Today, however, locals fear the industry, and its attendant smells, will dissipate for good if Gov. Charlie Crist succeeds in converting the surrounding cane fields into an ambitious restoration project for the Florida Everglades.

If the state buys the land -- and sugar production disappears -- Chamness wonders whether Clewiston will disappear along with it.

"We can't survive without the land," she said.

But a bitter small-town mayor is the least of the problems plaguing the $1.3-billion project.

When Crist announced the plan in June, it was met with much fanfare and was widely seen as a legacy-defining gambit for the popular Republican governor.

In recent months, however, critics and complications have emerged that may threaten the plan's chances of approval by a state water board, which is slated to vote on it Tuesday.

Particularly problematic is the economic mess beyond Clewiston's borders: The world financial meltdown has struck Florida particularly hard, saddling the state with a $5.8-billion budget shortfall.

Last week, a number of state legislators questioned the wisdom of borrowing the money to fund a 181,000-acre land deal during such uncertain times.

State Rep. Juan C. Zapata, a Miami Republican, noted that several billion dollars in extra funding would be needed to convert the land for restoration purposes. But he said no plan existed for raising the funds.

"I'm not questioning its environmental value," Zapata said. "But there are a lot of moving parts here, and there are a lot of unintended consequences we might not foresee."

The doubt has spread to the board of the South Florida Water Management District, the agency that must evaluate and approve the deal for the state.

In an interview Friday, board Chairman Eric Buermann said he had not decided how he would vote. He was torn, he said, between Florida's depressing fiscal realities and the rare chance to reclaim such a large and essential swath of the state's troubled ecosystem.

"The vision is wonderful, and it's something we've all dreamed about," he said. "But since the governor first conceived of this and asked us to analyze it, the economy has taken an earthshaking turn. . . . We don't want our legacy to be that we bankrupted our agency."

The water district, which represents 16 counties in South Florida, would finance the deal largely through "certificates of participation," which are similar to bonds. The borrowed money would be repaid over time from property tax revenue.

District officials had previously asserted that they wouldn't have to raise taxes to pay for the project.
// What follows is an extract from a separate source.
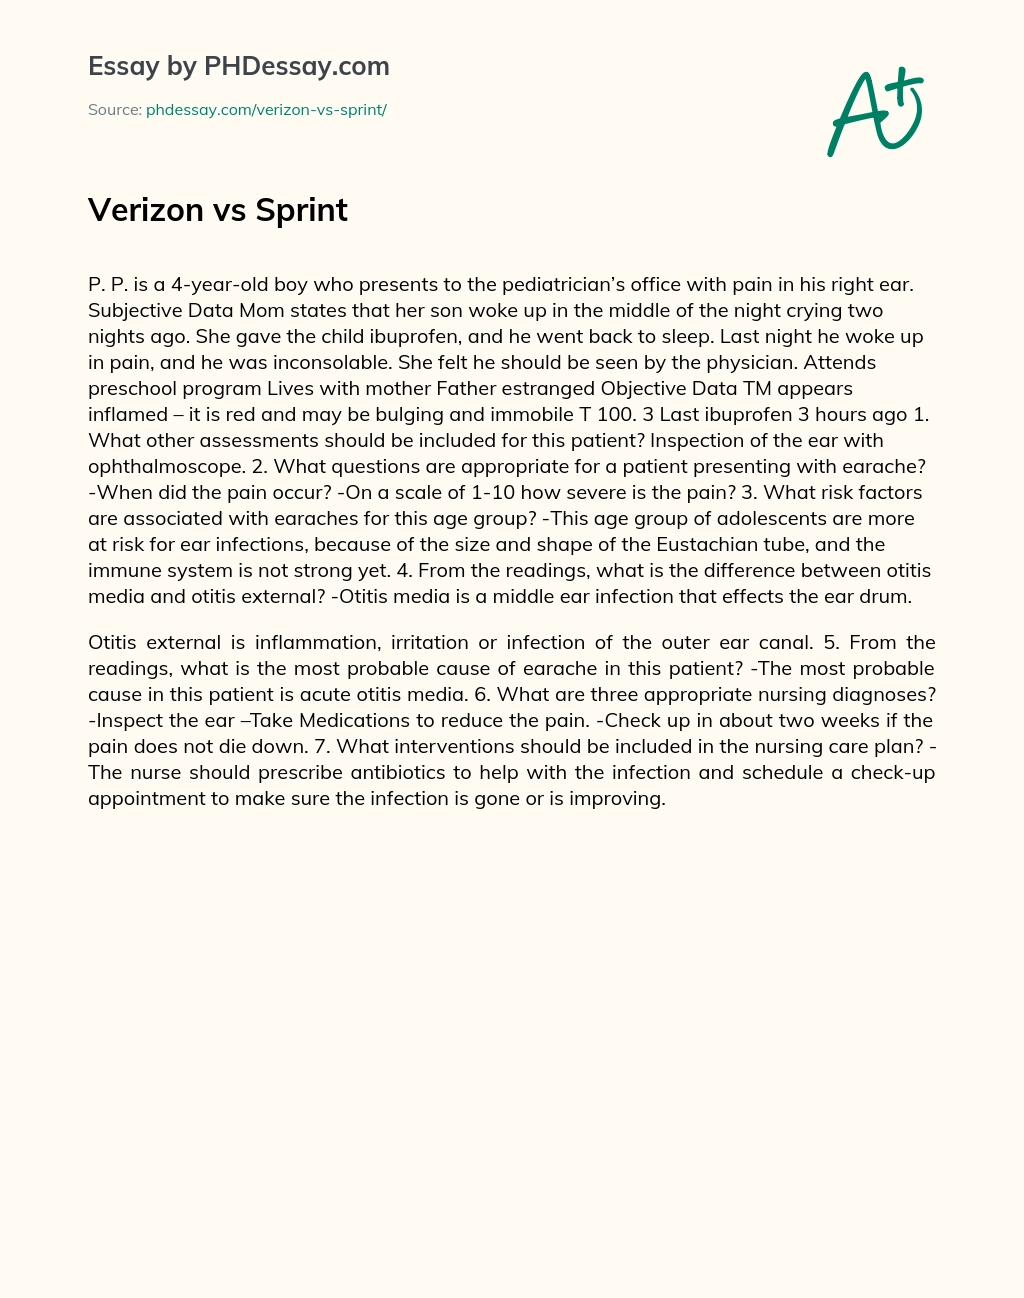 Verizon vs Sprint essay

But Buermann said Friday that he could not make that promise, given the instability in Florida's real estate market.

The fate of the plan could affect the future political prospects of Crist, who is often mentioned as a Republican presidential candidate in 2012 or beyond.

In announcing the buyout, Crist said it was "in the tradition of the great conservationist Teddy Roosevelt."

Some see the move as a way for Crist -- an abortion opponent and gun rights advocate -- to reclaim the mantle of environmentalism for the GOP, and perhaps to redefine a struggling national party.

"This would be a way, if he could pull it off, to maintain his base of support and steal the issue from the Democrats," said Michael Martinez, a political scientist at the University of Florida.

Crist, who was married Friday in St. Petersburg, could not be reached for comment.

Many environmentalists continue to cheer the plan.

U.S. Sugar's vast land holdings lie in the flat, mineral-rich muckland between freshwater Lake Okeechobee to the north and the protected but threatened wetlands to the south.

The water district hopes to store large amounts of water on the property and build artificial filtering marshes that would clean the southward-flowing water of phosphorus, a mineral in fertilizer, that has proven detrimental to the habitats of birds, alligators and other wildlife.

"It's absolutely vital," E. Thom Rumberger, head of the Everglades Trust, said of the deal. "Everything that's ever been done in the Everglades has always been limited because we couldn't intrude into the agriculture."

The state Sugar Cane Growers Cooperative has criticized the deal. The group is worried that the buyout will stifle competition because it would allow U.S. Sugar to lease the land back at below-market rates for seven years before it is turned over for conservation purposes.